# question from a noob



## xsjado (Dec 9, 2008)

there is a house that i want to squat about a mile from the place that i am currently living in that no one (to my knowledge) has lives in for at least a year, when/if i moved in would the only way to have me removed be to have the legal owners evict me? this would only be a temporary squat for me tho because me and a couple of my friends have planned to head either north or west in January, which is quoted by Brandon (miracalesunrise) this story of our first trainhopping attempt [ame="http://squattheplanet.com/showthread.php?t=5500"]So last night... - Squat the Planet Forums[/ame] any who ive tried to find NC squatting laws and rights via aolsearch but everything that comes up seems pretty vague and unclear to me. all help is greatly appreciated. 

thanx.

Jonathan


----------



## IBRRHOBO (Dec 10, 2008)

Other than Asheville NC squatting is pretty clear cut, worse case scenario u get a get out of town criminal tresspass ticket. Type the address into the county assessors database (free) and find out if it's foreclosed. If it is, the bank owns it. So, it'd be quite awhile till u get rn off.

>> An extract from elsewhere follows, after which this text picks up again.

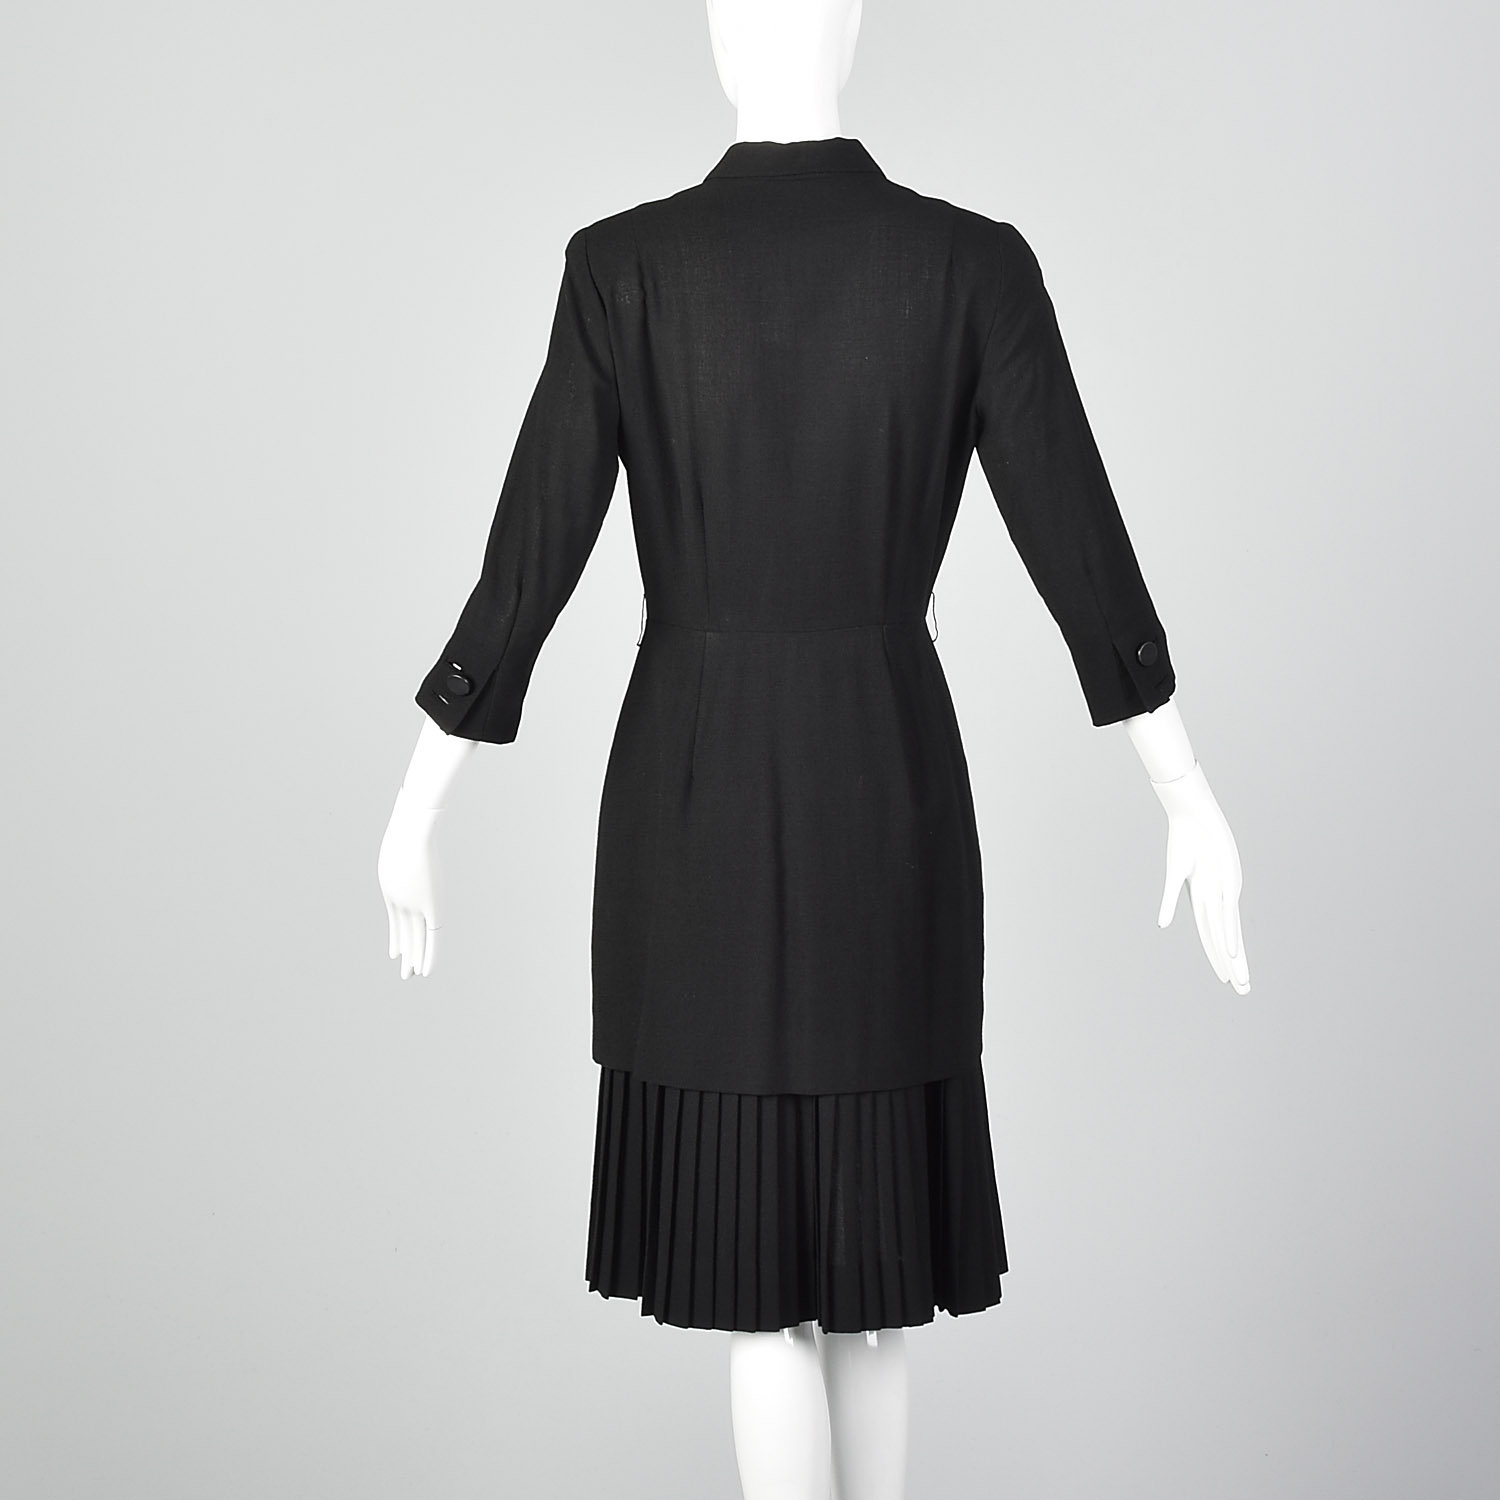 Small 1950s Black Dress With Button up Front and Pleated - Etsy

I do foreclosures up here so i'm pretty hip to it. Asheville is HARDCORE! Do not pass go, do not collect $200! Good hunting!


----------



## xsjado (Dec 10, 2008)

k word. tomorrow ill do the assessors database lookup on the address (im guessing at city hall?), if everything is legit im gonna see about making a bump key and trying to sneak in thru the back door sometime tomorrow night. thanx for the help bro!


----------



## Grasshopper (Dec 10, 2008)

Jon you are such a badass! haa 
What property are you speaking of in RM?
is it in northgreen or twat?


----------



## xsjado (Dec 10, 2008)

yeah pretty much. its off of gold rock road, like pass the turn for tylers house and its the 4th or 5th house on the right.


----------



## IBRRHOBO (Dec 11, 2008)

if it turns out to be a foreclosed house, the power is on. i do a bunch of the shit out here. the alarm's off too; drunks like me can't remember the code's to cut em off. also, we 'winterize' the joints in the winter. this means that the water heater has been drained! DON'T cut the power to the water heater on UNTIL u fill it back with water!!!!! It'll blow up! and u won't see anyone until spring mowing starts again. also, if u type the name of the town and 'GIS' it'll pull the assessor's data and mapping info. Good Huntin!


----------



## menu (Dec 16, 2008)

you might be able to find out what you can do through the old laws of squatters rights yeah? maybe google that shit. Im not 100% sure but I think you can take it over after a bit if no one comes to claim it. so you should be good to squat for a bit


----------



## SoupandMoney (Dec 22, 2008)

IBRRHOBO said:


> Other than Asheville NC squatting is pretty clear cut


So what's the deal with Asheville, then?


----------